After 22 years, Gambians can vote in parliamentary elections
Parties divided after dictator Jammeh exiled
BANJUL, GAMBIA | Many Gambians hope to secure a transition from decades of dictatorship to democracy Thursday as they vote in parliamentary elections, the first since longtime leader Yahya Jammeh flew into exile in January. But some worry the coalition that put new President Adama Barrow in place is already seeing cracks.
The National Assembly vote ushers in a new era for the tiny West African country, whose leaders say they want to steer the nation toward reconciliation. More than 1.8 million Gambians were ruled for 22 years by Mr. Jammeh, whose government was accused of human rights abuses. He lost the December election to Mr. Barrow, who was backed by a coalition of eight opposition parties. For weeks, Mr. Jammeh refused to leave power in a political standoff that brought regional countries to the brink of a military intervention.
Mr. Jammeh’s eventual flight into exile was a dramatic moment for many in Africa, where a number of leaders have clung to power for decades.
The new government under Mr. Barrow, a onetime real estate developer, has promised to right the wrongs of the past, setting up a truth and reconciliation process. Many Gambians fear that if the new parliament doesn’t strike the right balance, their vote in December could be compromised.
The eight opposition parties that backed Mr. Barrow as a coalition are now running as separate parties against the representatives of Mr. Jammeh’s former ruling party and the one opposition party that didn’t join the coalition, the Gambia Democratic Congress. They also face some 42 independent candidates.
Some worry that divisions among the parties that united to oust Mr. Jammeh are starting to show.
“I don’t still understand why party leaders let this happen,” said one Gambian, Ebrima Jobe, shaking his head. He said he was disheartened that after all the efforts to form a coalition to end Mr. Jammeh’s rule, the parties are acting in a way that could threaten the future that Gambians wanted.
Isatou Jarjue, a market vendor, agreed. “I am confused by the lack of unity,” she said, adding that only prayers could help the coalition parties emerge victorious in the National Assembly polls.
The country’s electoral body has endorsed 239 candidates who are contesting for 53 seats. Five more will be occupied by parliamentary members the president nominates.
Independent Electoral Commission chairman Alieu Momarr Njai said Gambia’s newfound freedoms and the lower cost to become a candidate mean that Gambians have a wider choice in Thursday’s vote.

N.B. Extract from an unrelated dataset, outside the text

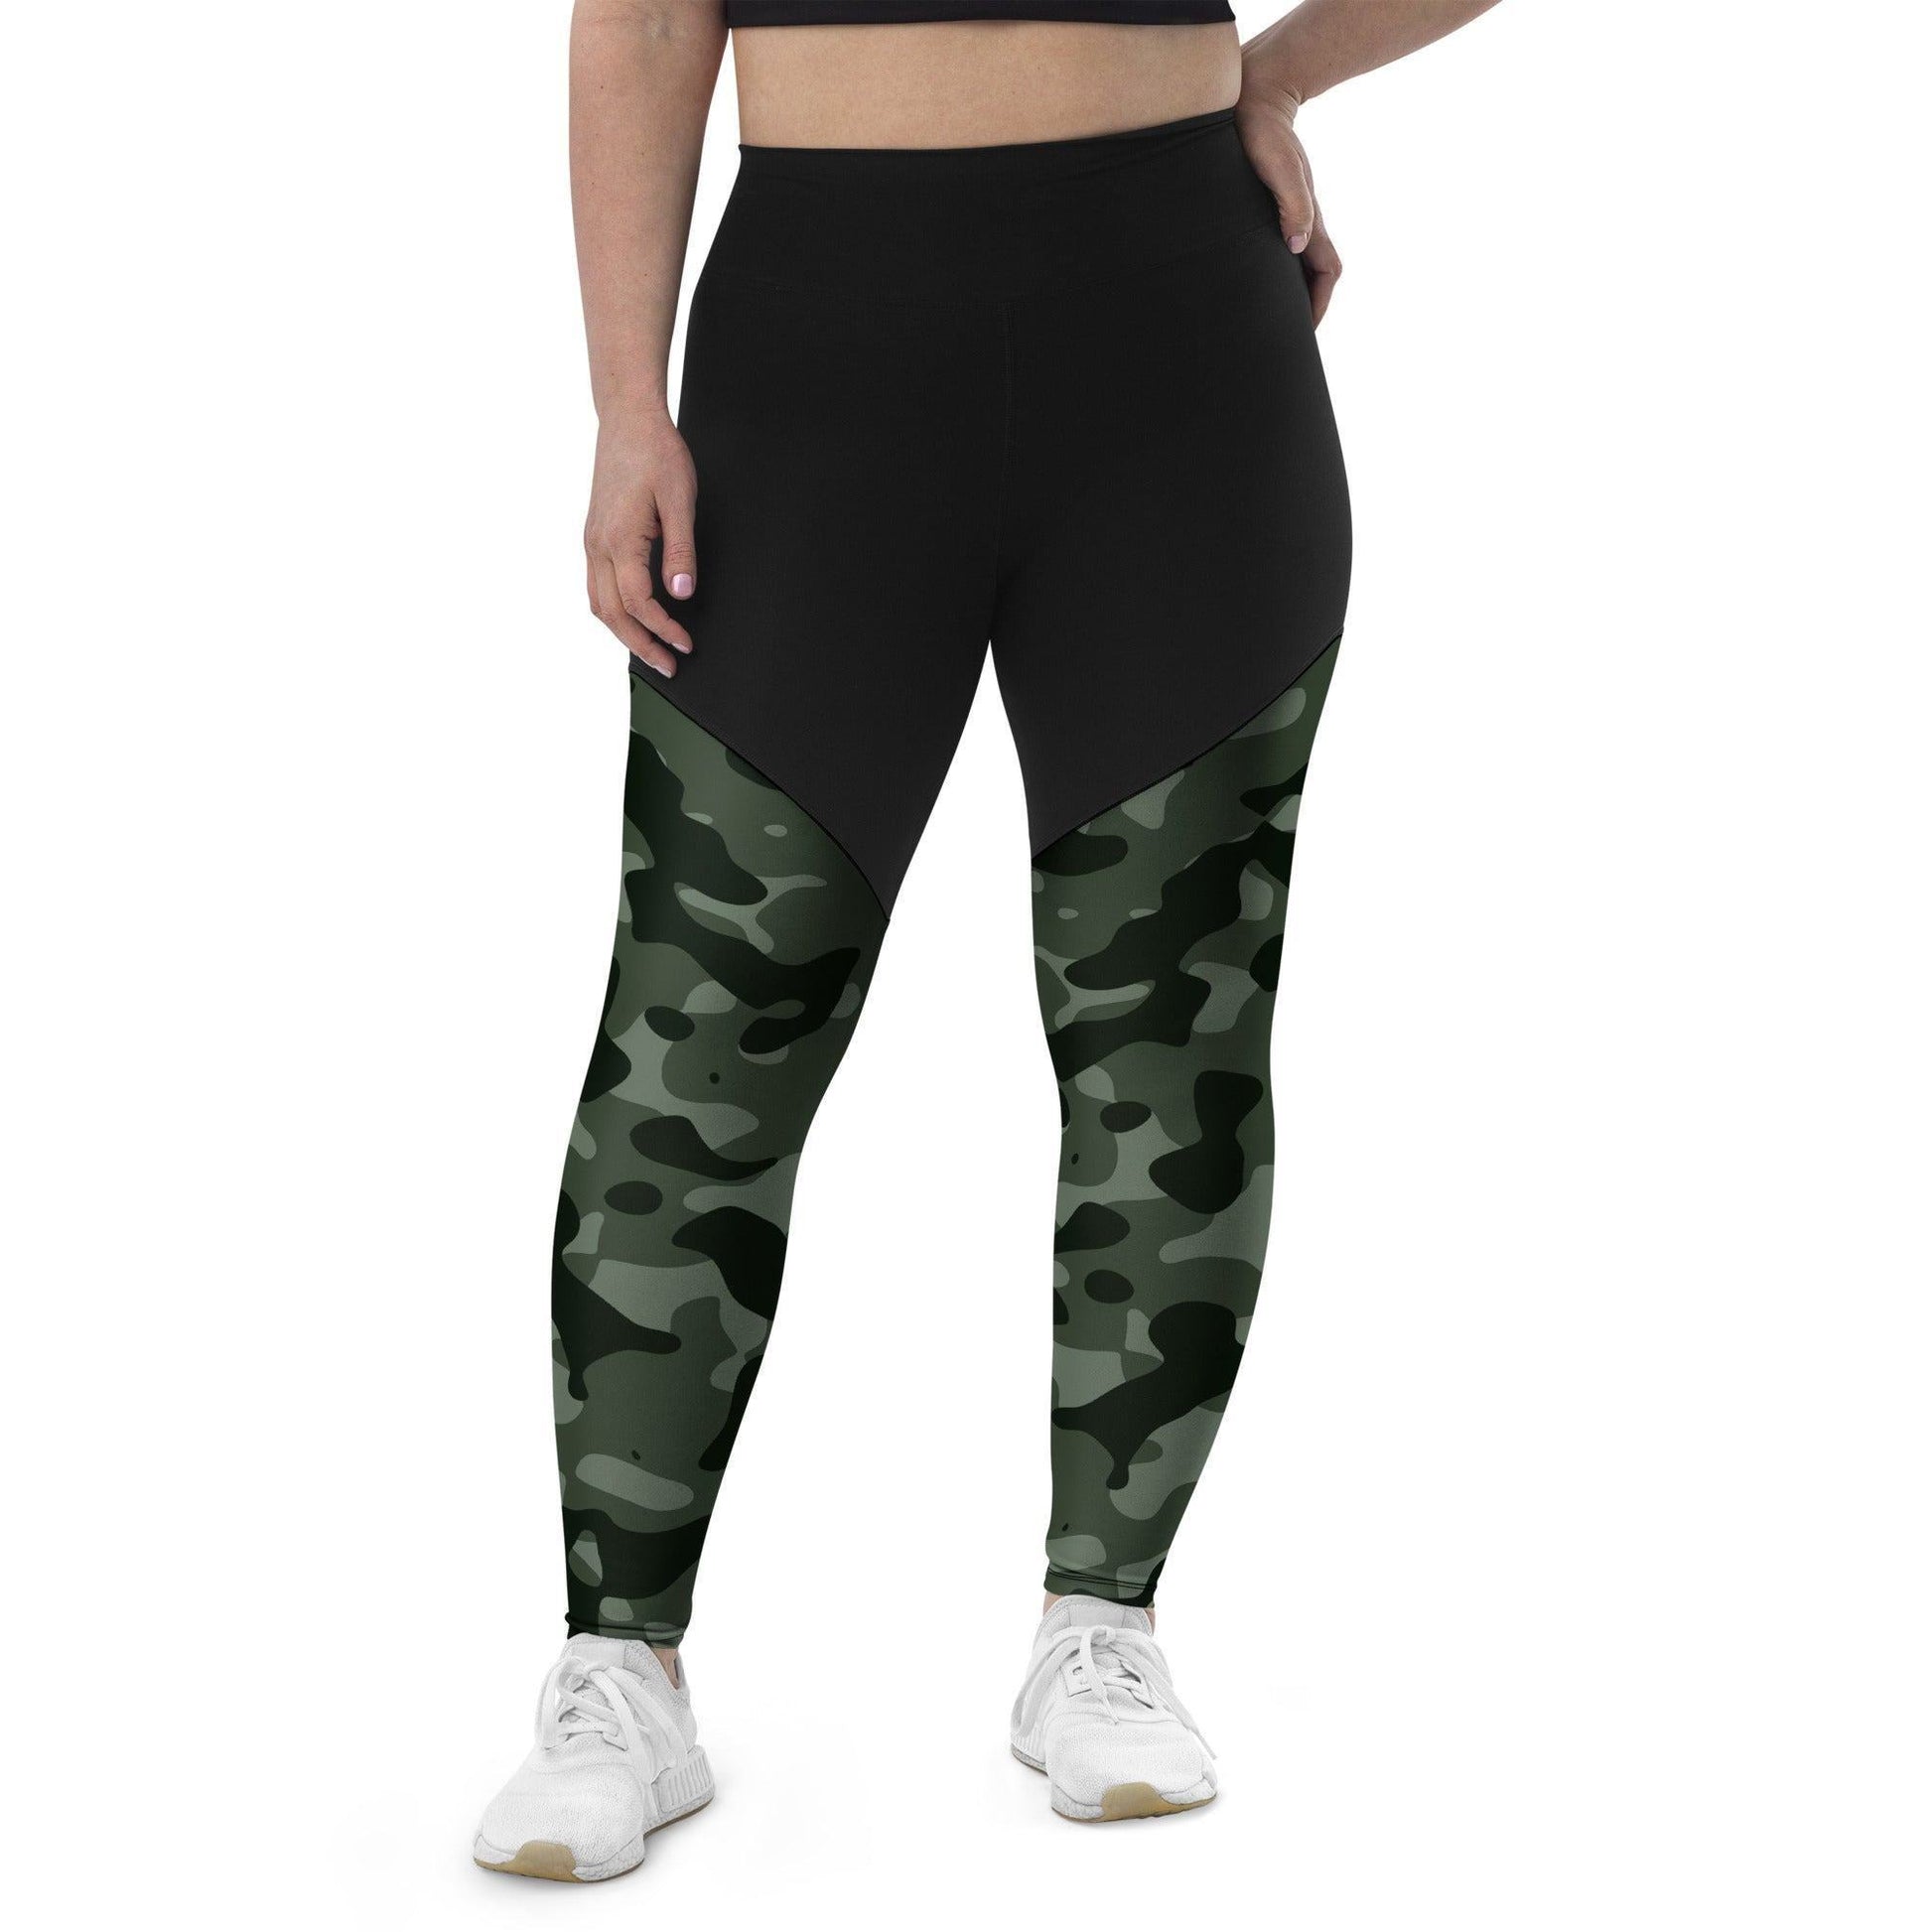 Green Camouflage Damen Sport Leggings -- Green Camouflage Damen Sport Leggings - undefined Sport Leggings | JLR Design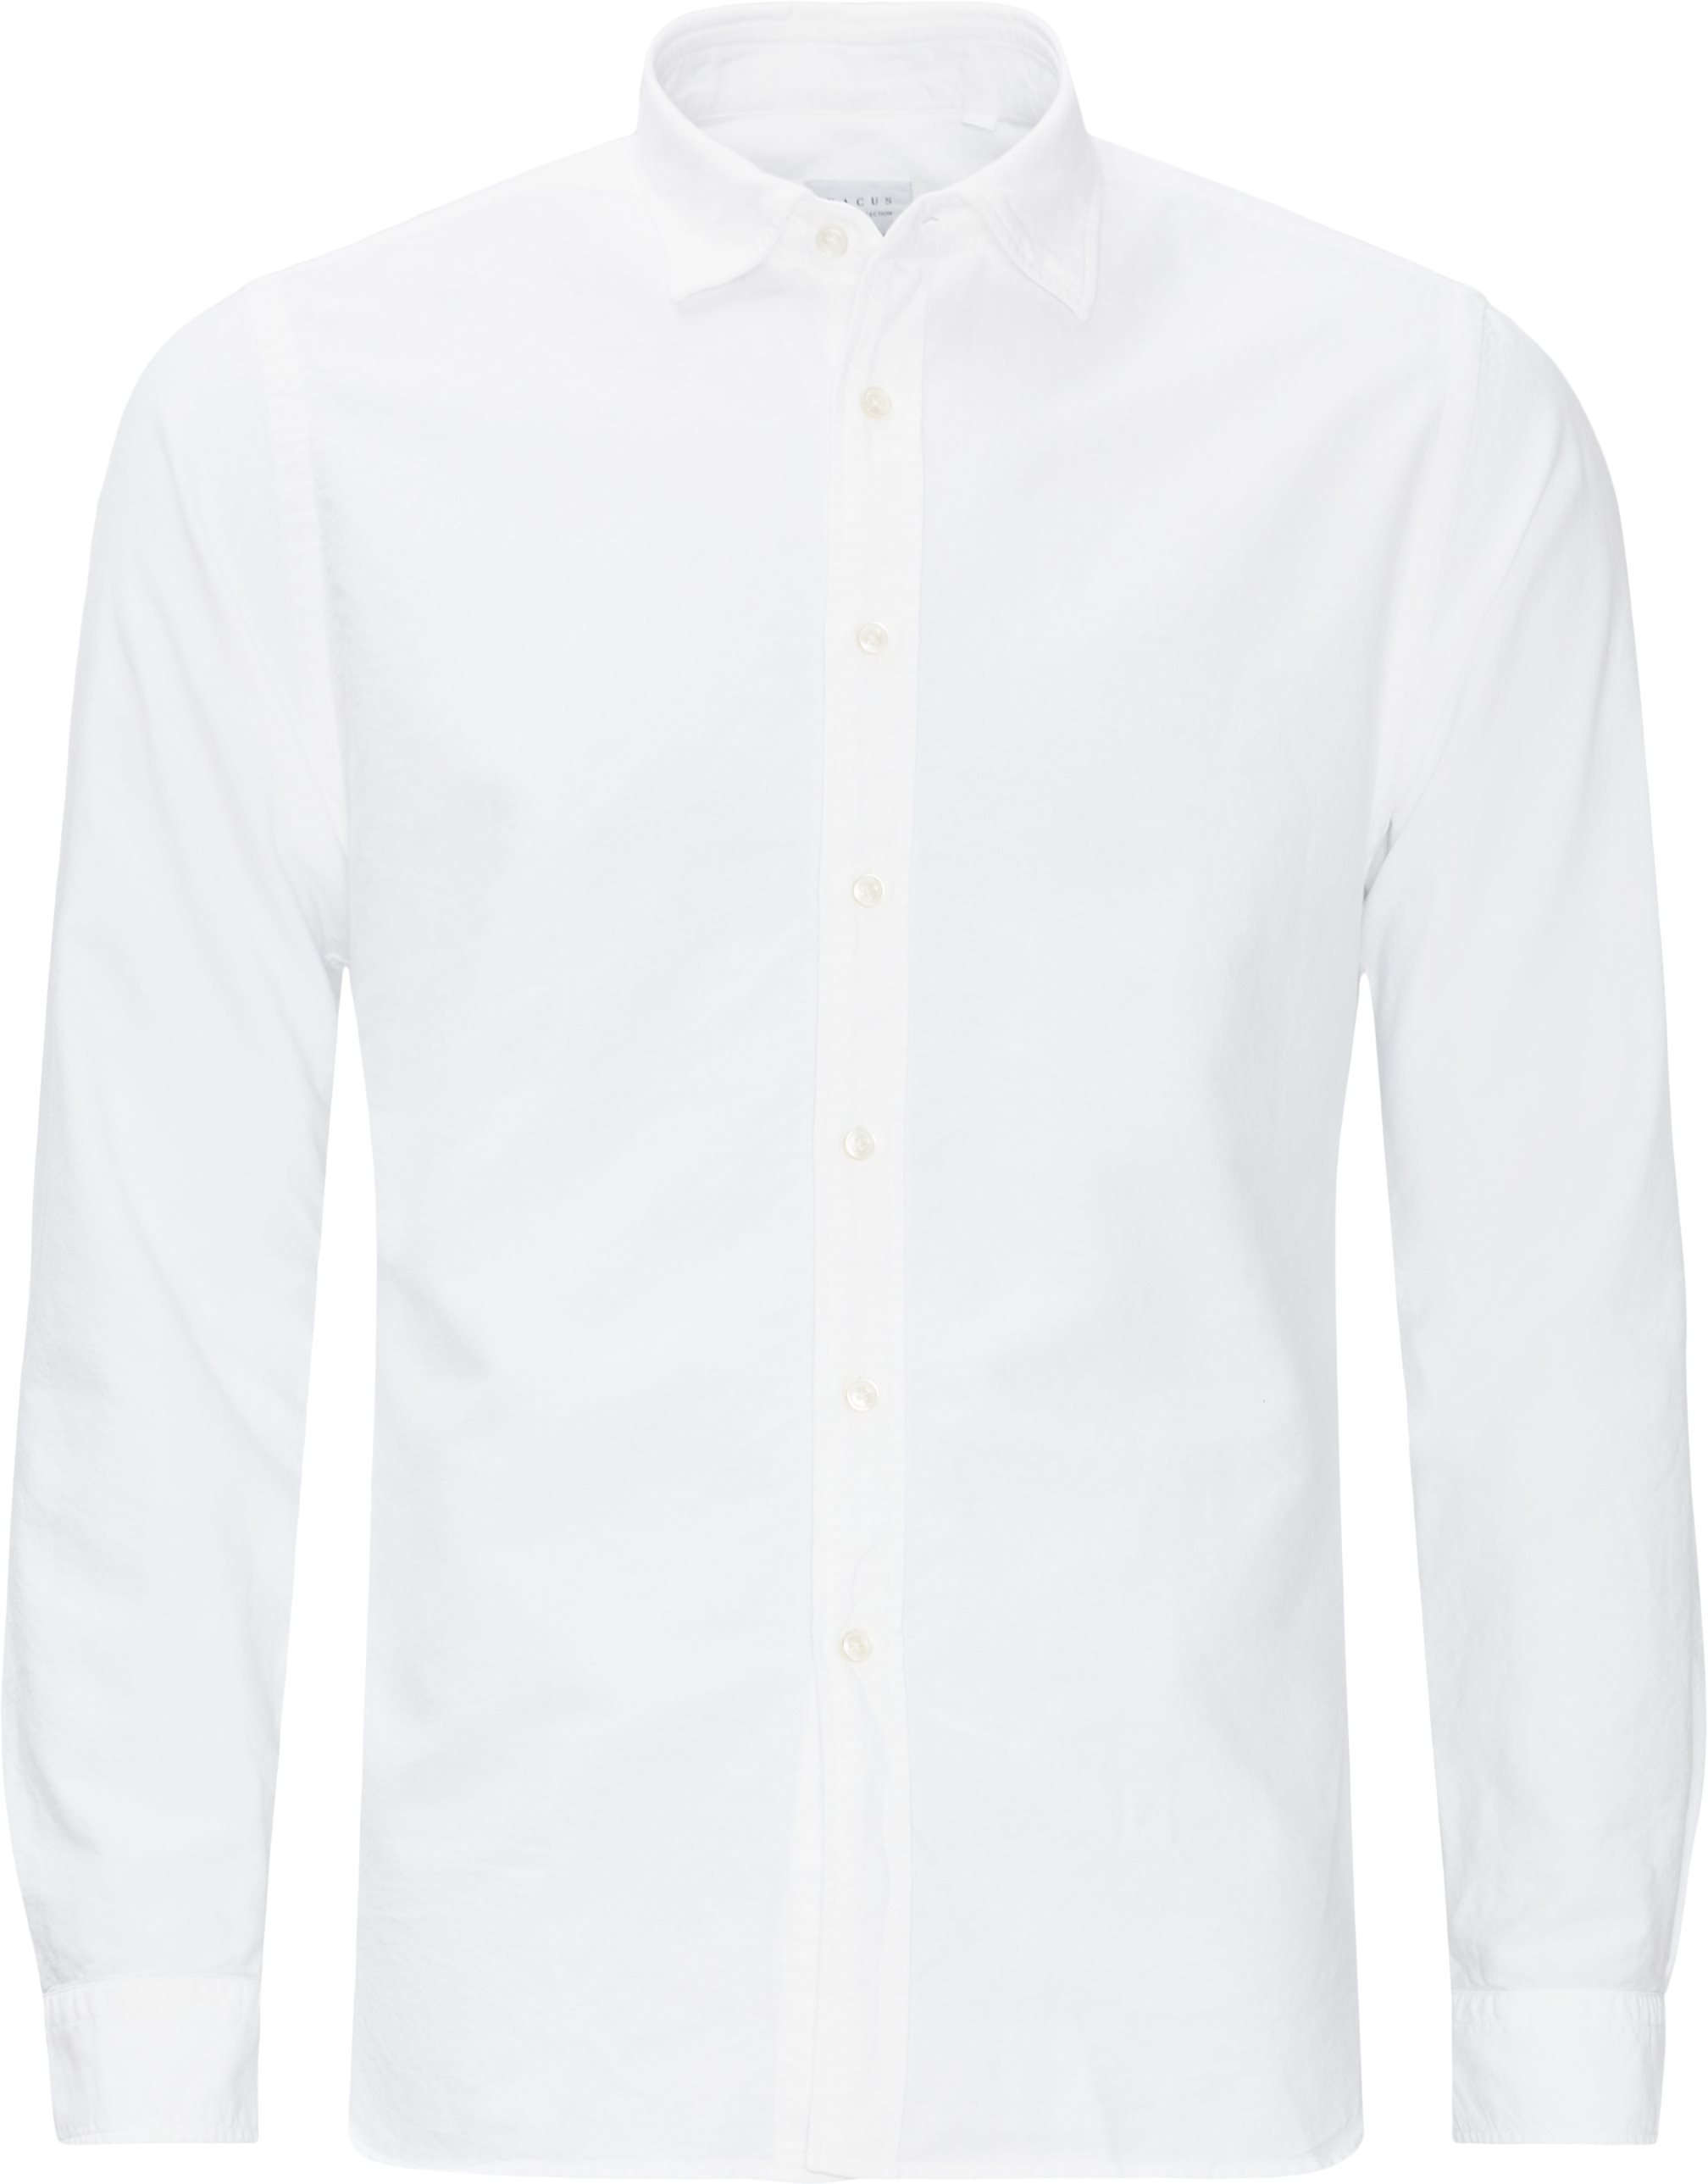 Classic Shirt - Skjorter - Slim fit - Hvid

If coalition parties do not win a majority, it could affect Mr. Barrow’s ability to govern and carry out the transition policies he has promised. Gambians also worry that if Mr. Barrow’s United Democratic Party takes a majority, they could repeat the past by having effective one-party rule.
The former ruling Alliance for Patriotic Reorientation and Construction party, which dominated parliament for more than two decades, has indicated that its ability to mobilize the people remains intact.
“The APRC will continue to be the biggest political party in the country,” said Kanifing Municipal Council Mayor Yankuba Colley, the party’s national mobilizer.
But Mr. Colley acknowledged the party’s human rights record will haunt it, adding: “We learned from our mistakes.”
Still, some Gambians express enthusiasm just at the prospect of an open vote.
Awa Lowe, a resident of Kanifing, a Banjul suburb, told the Agence France-Presse news service that expectations were high that the new parliament would ensure true accountability for government decisions. “The next parliament will not be a rubber stamp National Assembly that passes any bill that comes before parliamentarians,” said Ms. Lowe.
“Parliament will be diverse and that is what will make it interesting. No party would have the numerical strength to pass bills that are not in line with the interest of the people,” she added.
Gambians wait to vote at a polling station in Banjul, Gambia. Many hope to secure a transition from dictatorship to democracy as they vote in parliamentary elections, the first since leader Yahya Jammeh flew into exile.